**Supplied material**
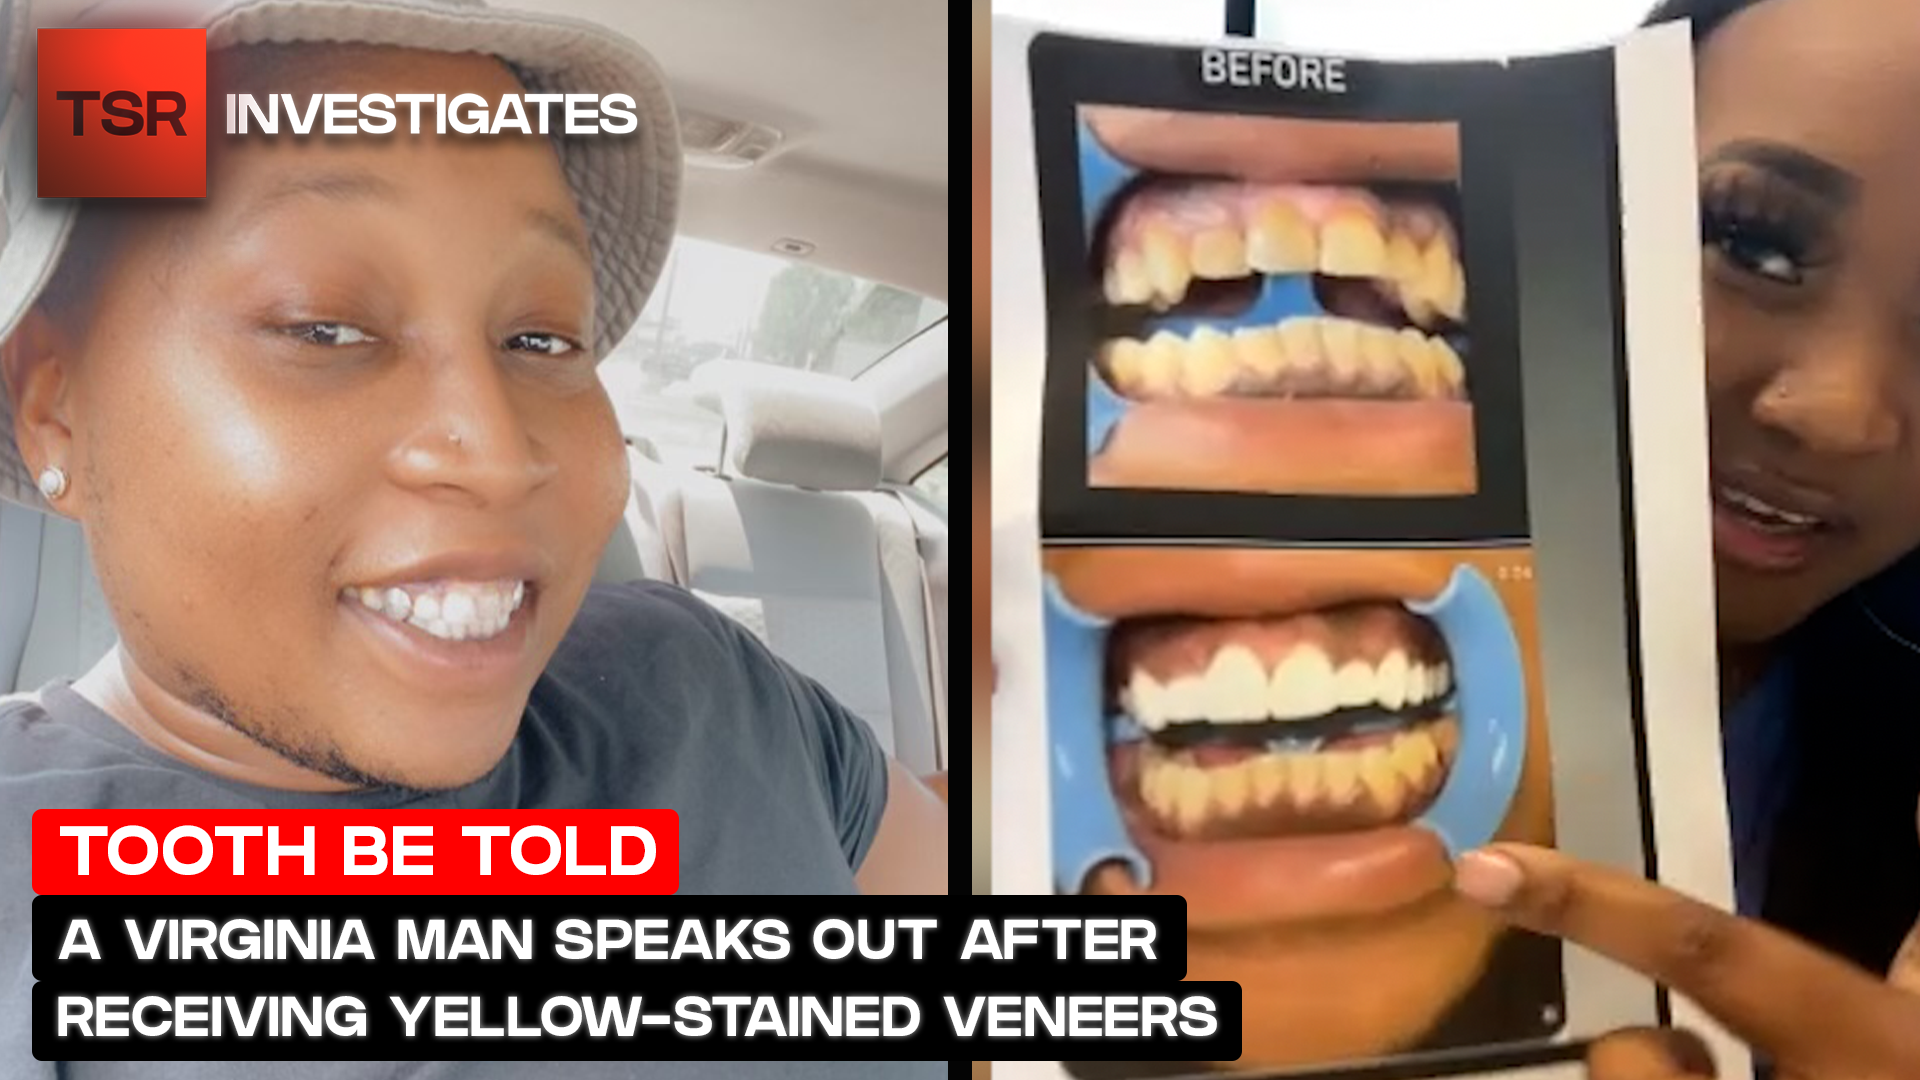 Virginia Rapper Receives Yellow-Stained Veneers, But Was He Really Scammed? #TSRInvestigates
--
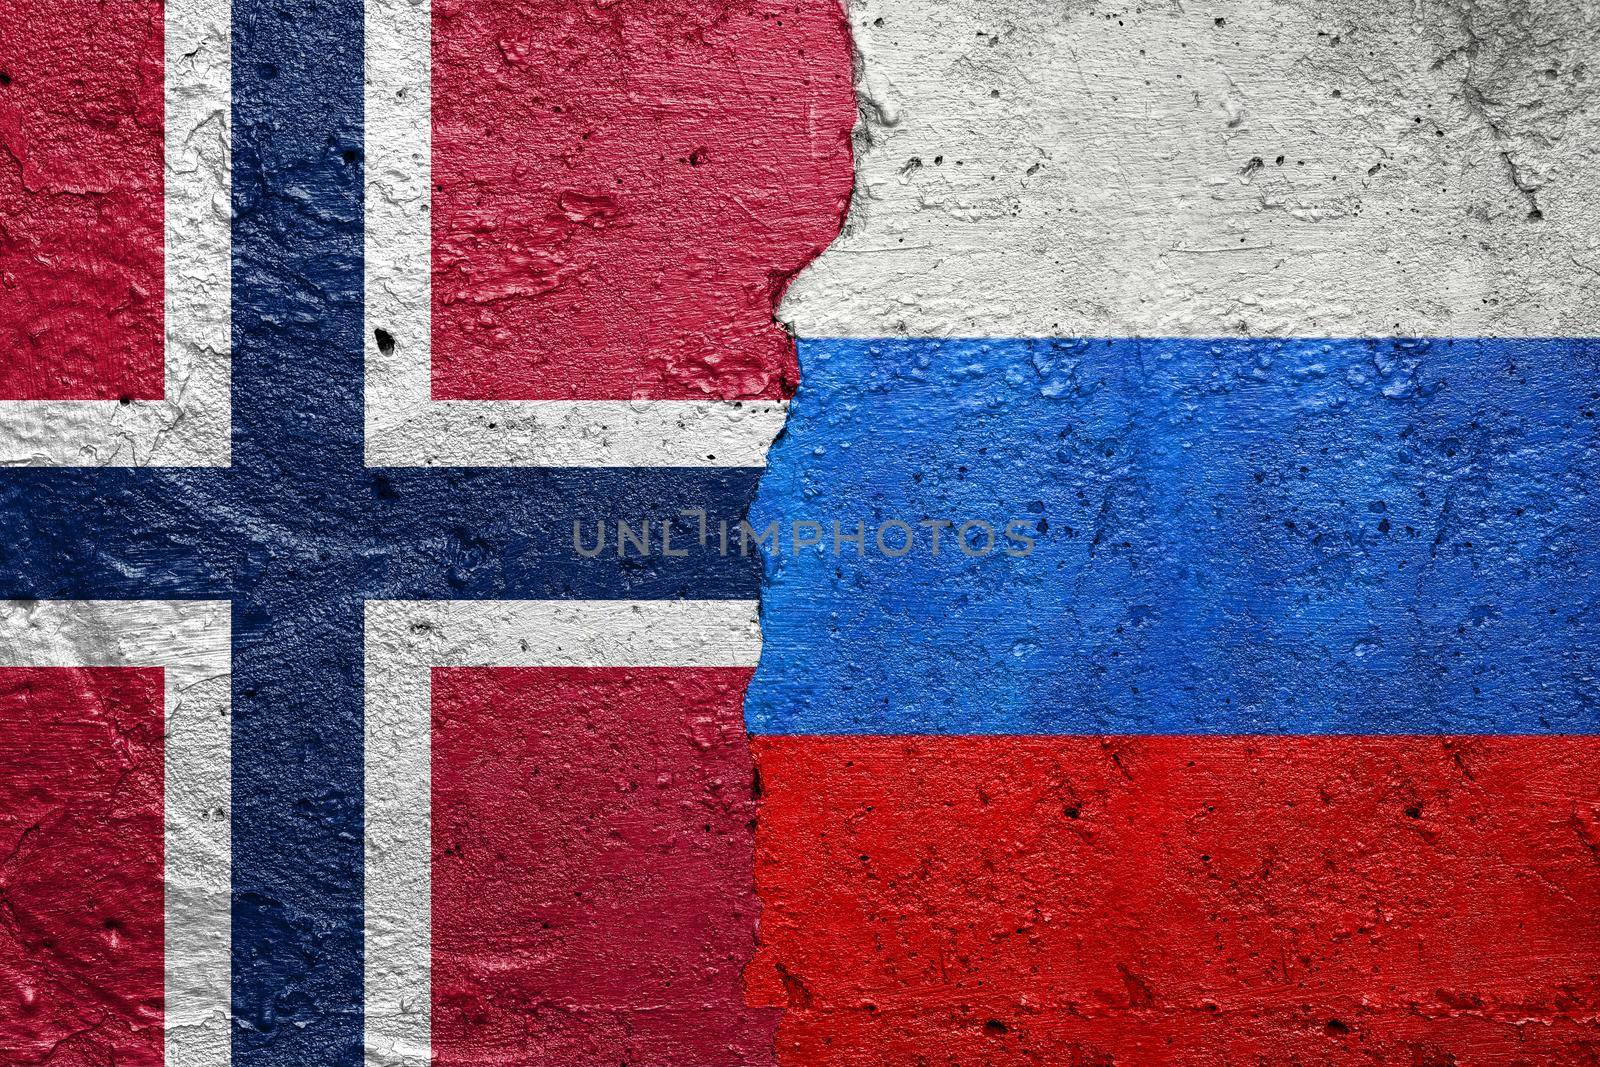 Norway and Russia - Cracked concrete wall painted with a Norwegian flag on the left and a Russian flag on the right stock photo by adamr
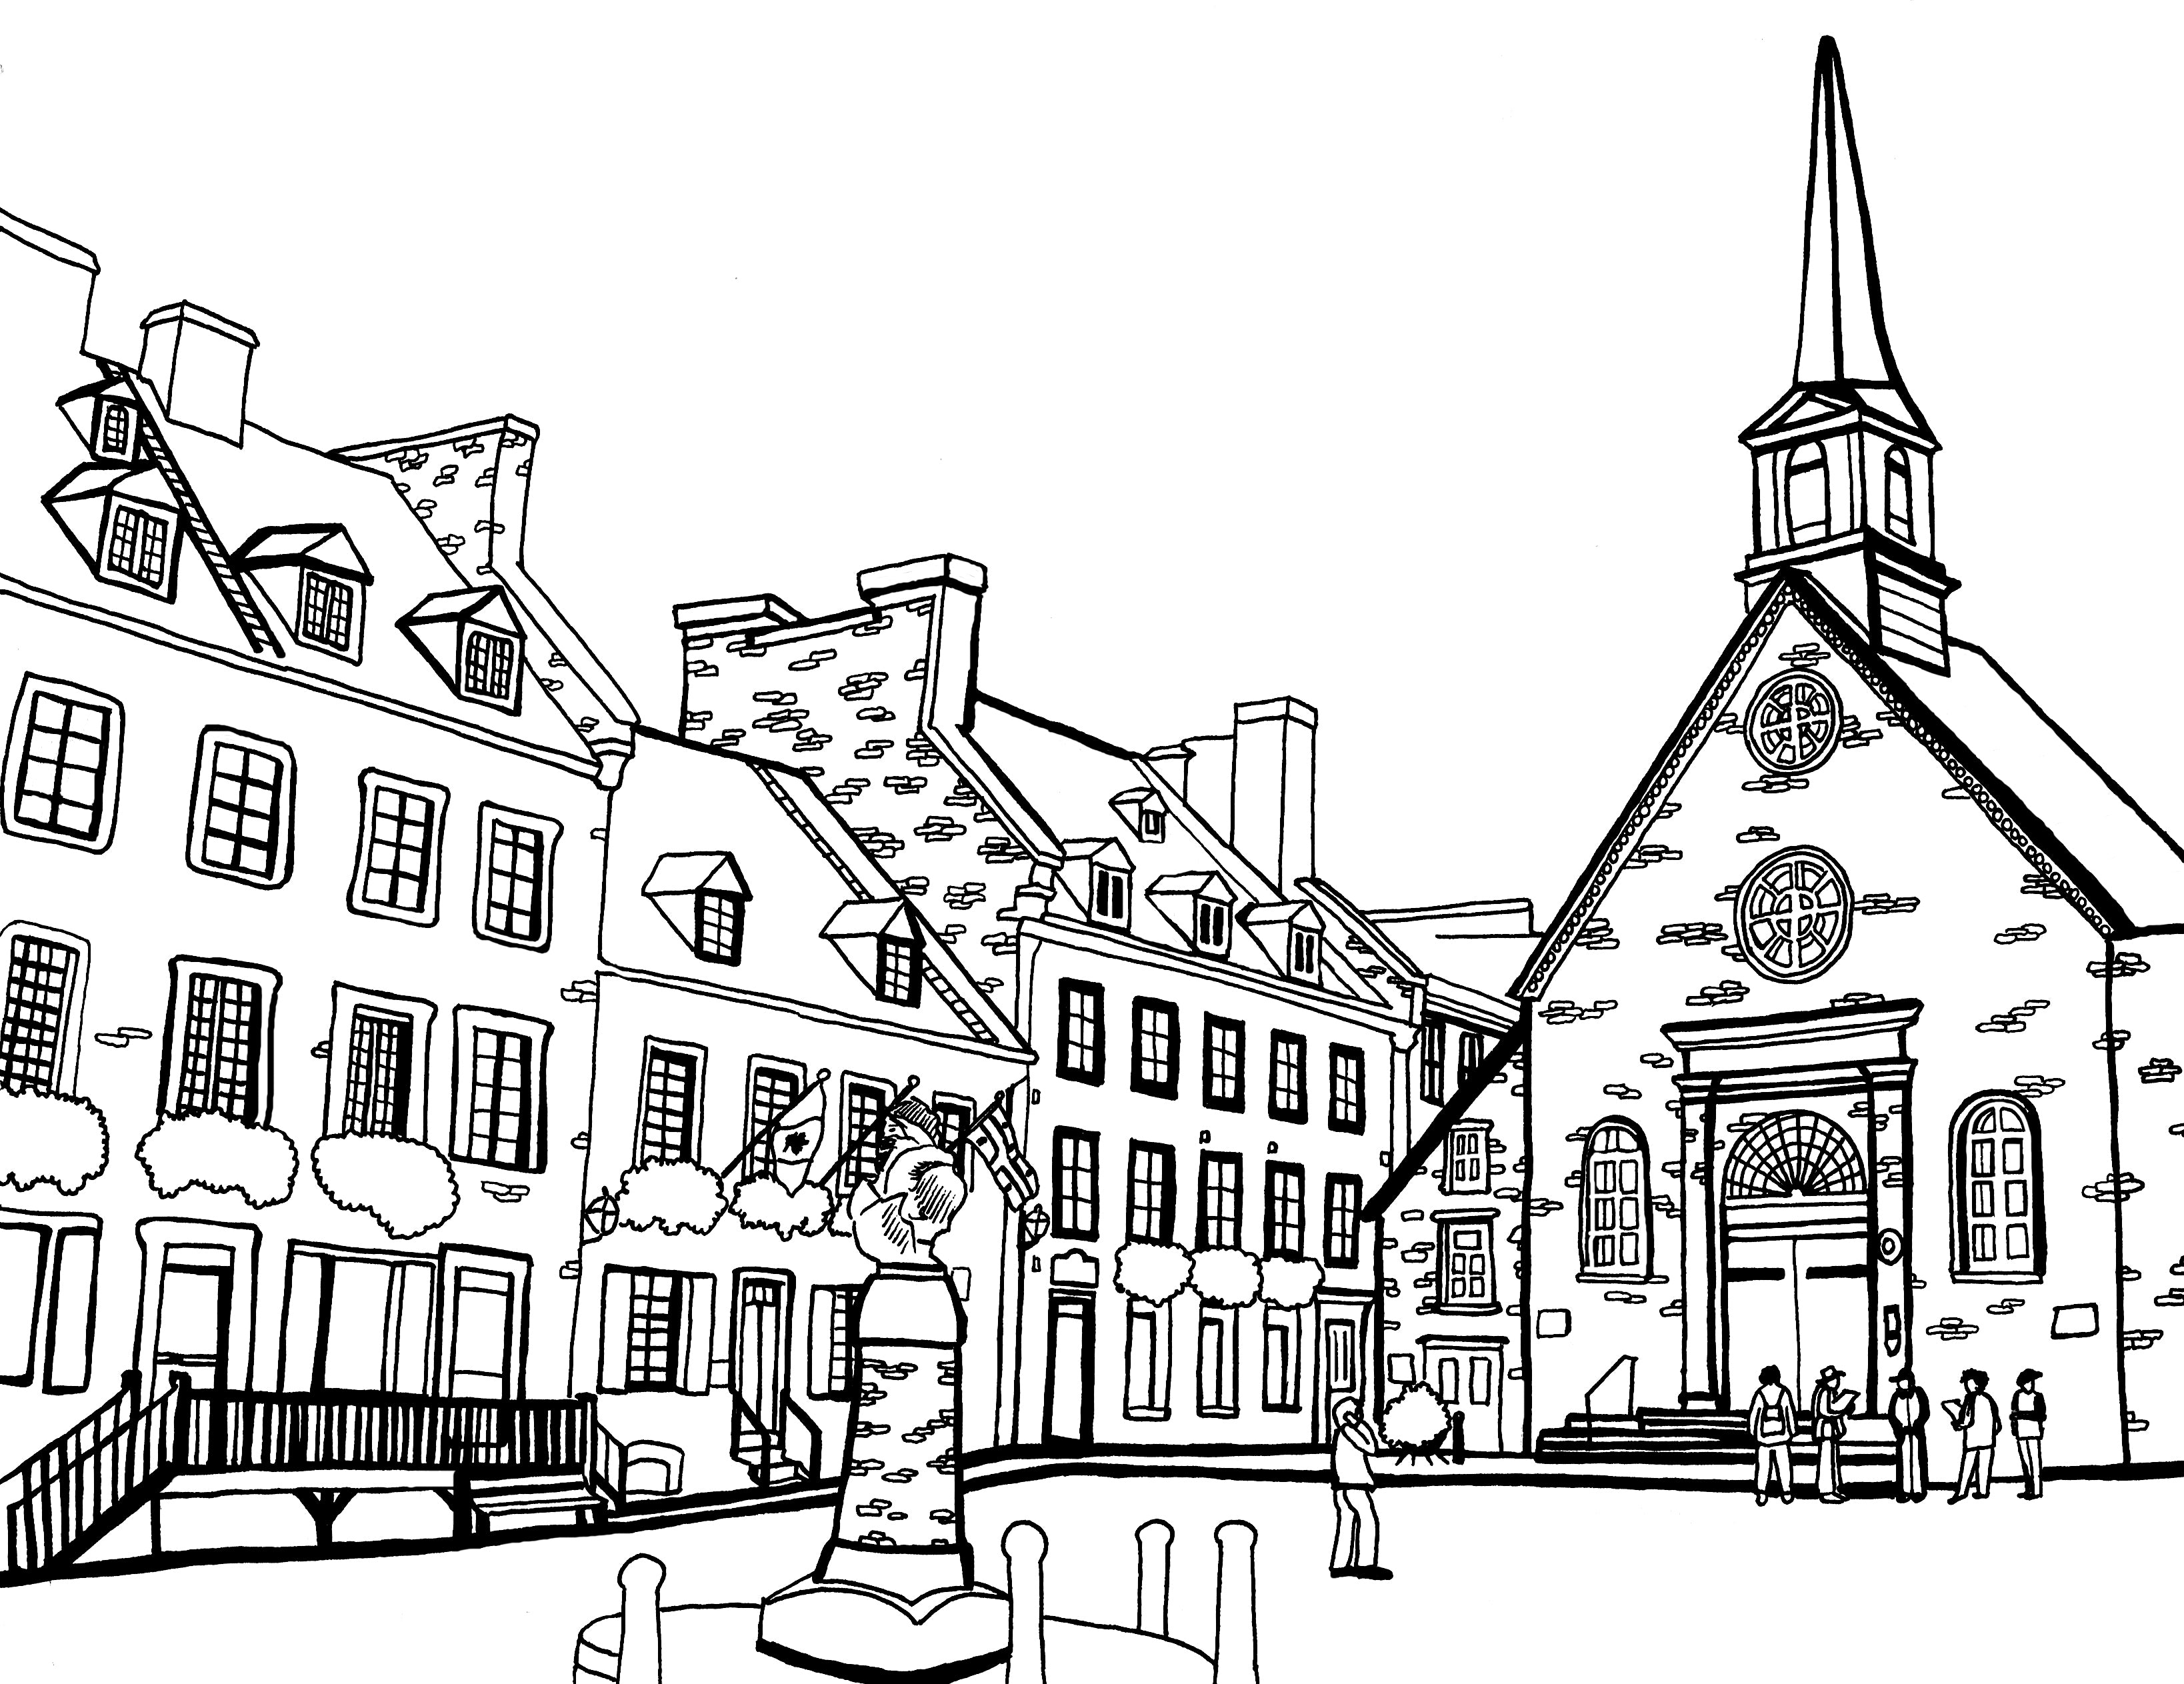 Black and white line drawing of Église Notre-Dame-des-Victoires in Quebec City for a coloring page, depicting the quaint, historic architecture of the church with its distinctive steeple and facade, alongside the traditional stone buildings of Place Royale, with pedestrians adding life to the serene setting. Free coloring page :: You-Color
==
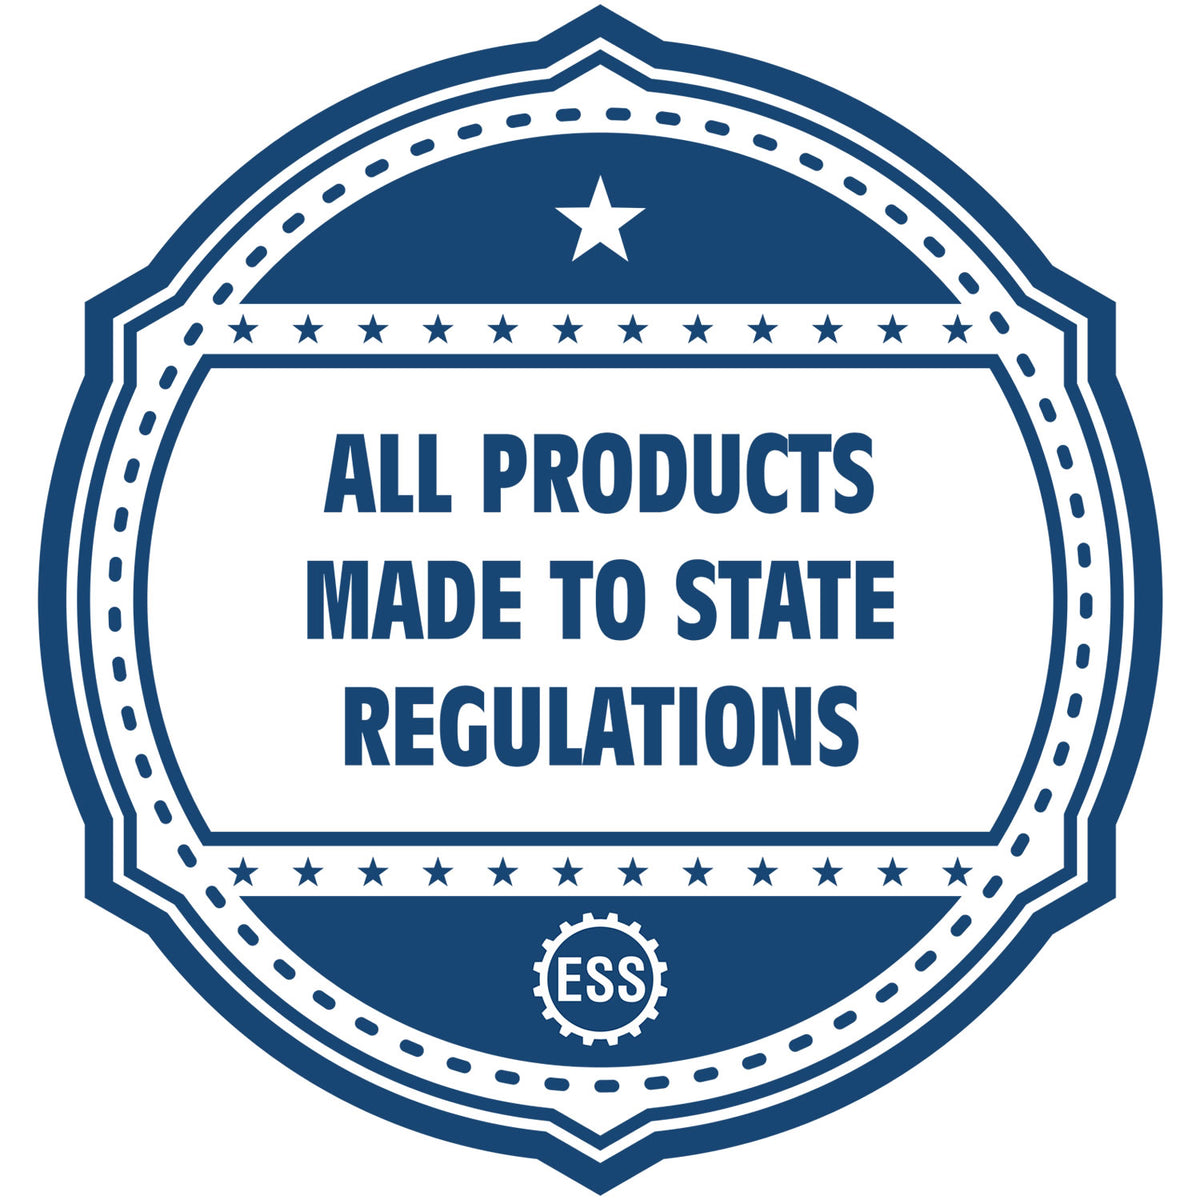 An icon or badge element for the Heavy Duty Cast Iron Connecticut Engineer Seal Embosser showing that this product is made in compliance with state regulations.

**Try it**
Transcribe, word for word, the lines of the listing above from the one that contains "Norway and Russia" through the one that contains "Black and white", keeping both ends and dropping the pictures.

**Written answer**
 Norway and Russia - Cracked concrete wall painted with a Norwegian flag on the left and a Russian flag on the right stock photo by adamr
 Black and white line drawing of Église Notre-Dame-des-Victoires in Quebec City for a coloring page, depicting the quaint, historic architecture of the church with its distinctive steeple and facade, alongside the traditional stone buildings of Place Royale, with pedestrians adding life to the serene setting. Free coloring page :: You-Color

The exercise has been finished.